[SciPy-user] linear regression
Robert Kern
robert.kern@gmail....
Wed May 27 18:35:10 CDT 2009
>> For "y=f(x)" models, this is true. Both y and x can be multivariate,
>> and you can express the covariance of the uncertainties for each, but
>> not covariance between the y and x uncertainties. This is because of
>> the numerical tricks used for efficient implementation
> In this case, OLS would still be unbiased in the linear case, but
> maybe not efficient.
Are you sure? I see significant deviations using a simple example
(albeit one which is utterly rigged in ODR's favor). The X
uncertainties start small and grow with increasing X. The Y
uncertainties start large and shrink with increasing X. Plotting the
estimates shows some strange structure in the OLS estimates.
import numpy as np
from scipy.odr import RealData, ODR
from scipy.odr.models import unilinear
beta_true = np.array([-0.47960828215176365, 5.47674024758398481])
p_x = np.array([0.,.9,1.8,2.6,3.3,4.4,5.2,6.1,6.5,7.4])
p_y = beta_true[0] * p_x + beta_true[1]
p_sx = np.array([.03,.03,.04,.035,.07,.11,.13,.22,.74,1.])
p_sy = np.array([1.,.74,.5,.35,.22,.22,.12,.12,.1,.04])
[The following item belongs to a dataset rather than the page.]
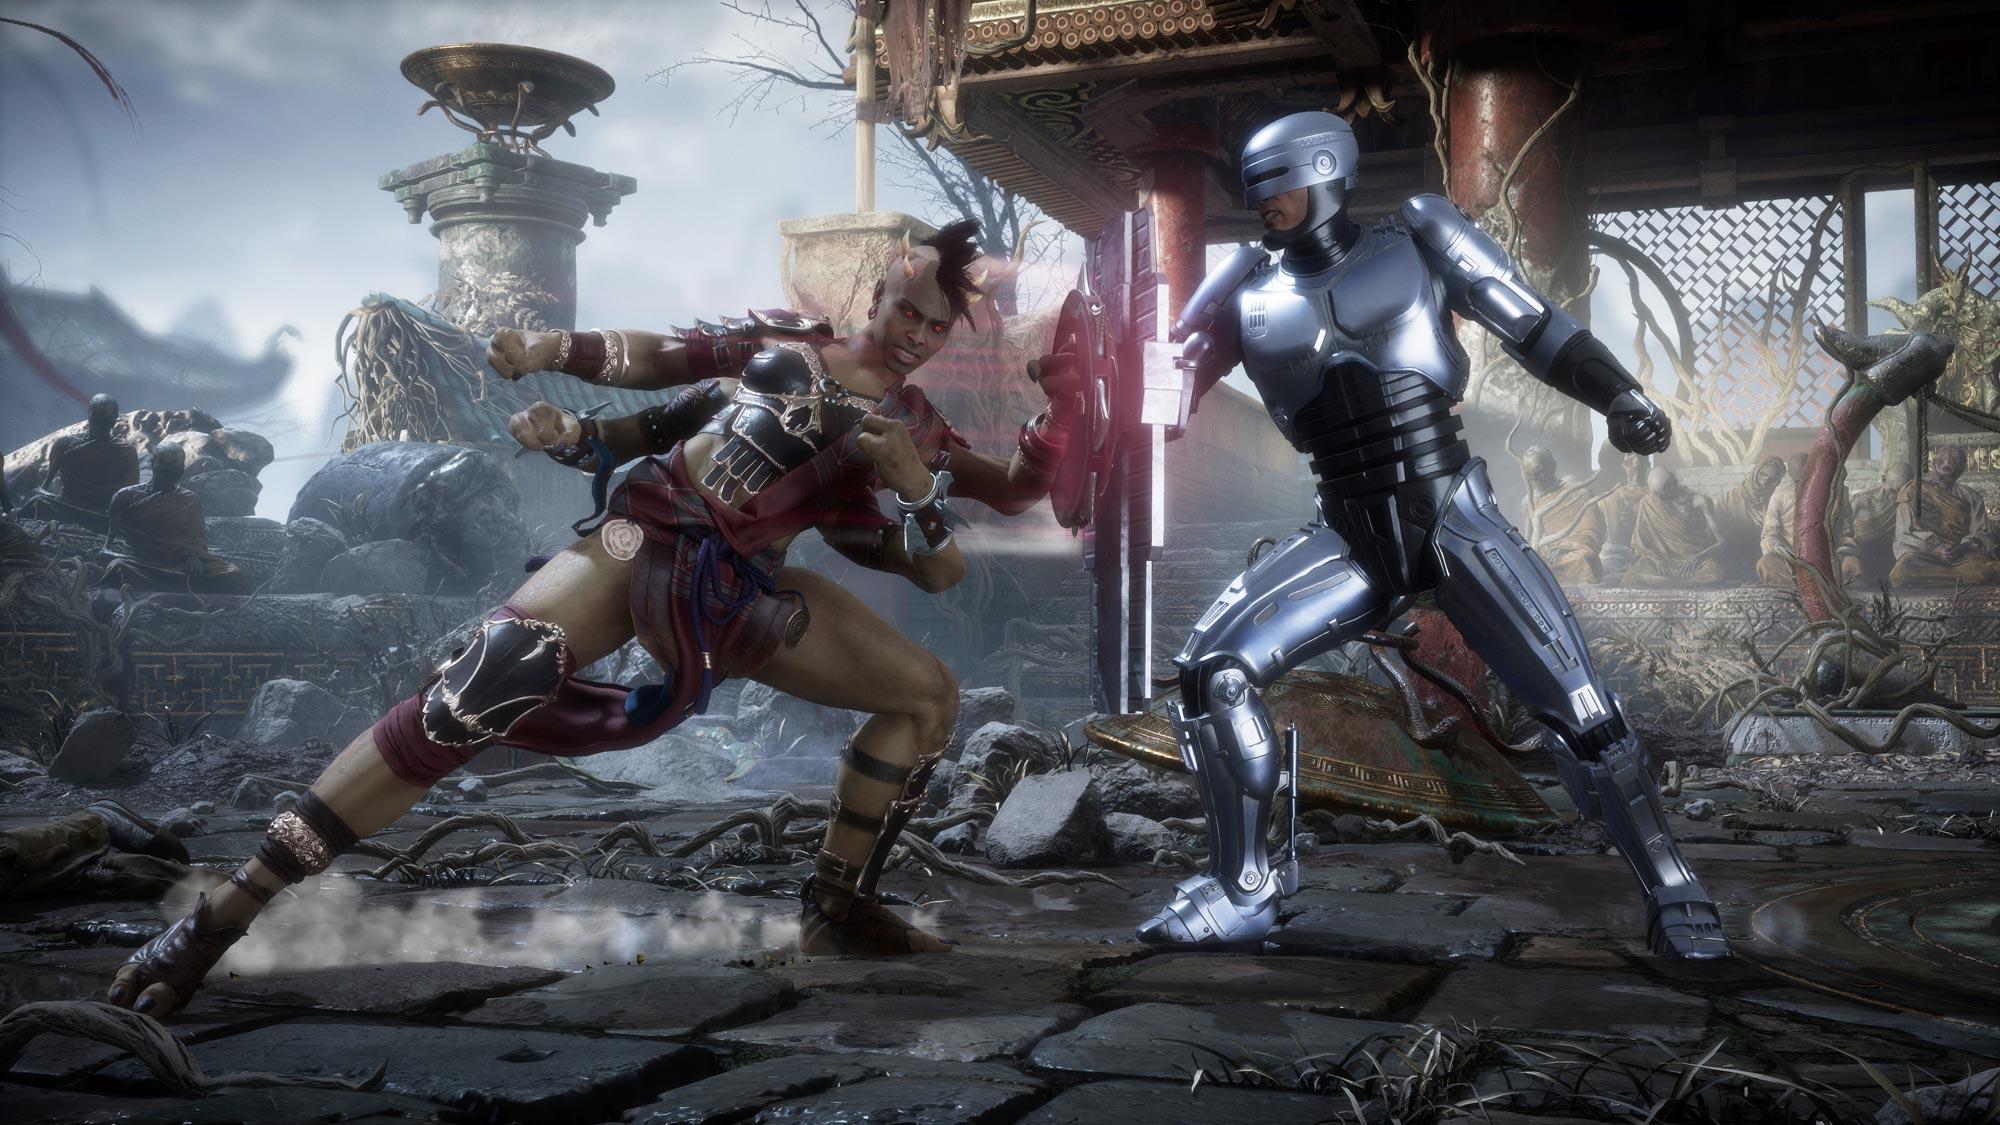 Mortal Kombat News Updates and RANTING - YouTube

def random_betas(n=500, prng=np.random):
""" Compute random parameter vectors from both ODR and OLS by generating
random data and fitting it.
"""
odr_betas = []
ols_betas = []
for i in range(n):
x = np.random.normal(p_x, p_sx)
y = np.random.normal(p_y, p_sy)
# ODR:
data = RealData(x, y, sx=p_sx, sy=p_sy)
odr = ODR(data, unilinear, beta0=[1., 1.])
odr_out = odr.run()
odr_betas.append(odr_out.beta)
# Weighted OLS:
A = np.ones((len(x), 2))
A[:,0] = x
# Weight by the Y error.
A /= p_sy[:,np.newaxis]
b, res, rank, s = np.linalg.lstsq(A, y/p_sy)
ols_betas.append(b)
# Alternately:
#ols = ODR(data, unilinear, beta0=[1., 1.])
#ols.set_job(fit_type=2)
#ols_out = ols.run()
#ols_betas.append(ols_out.beta)
return np.array(odr_betas).T, np.array(ols_betas).T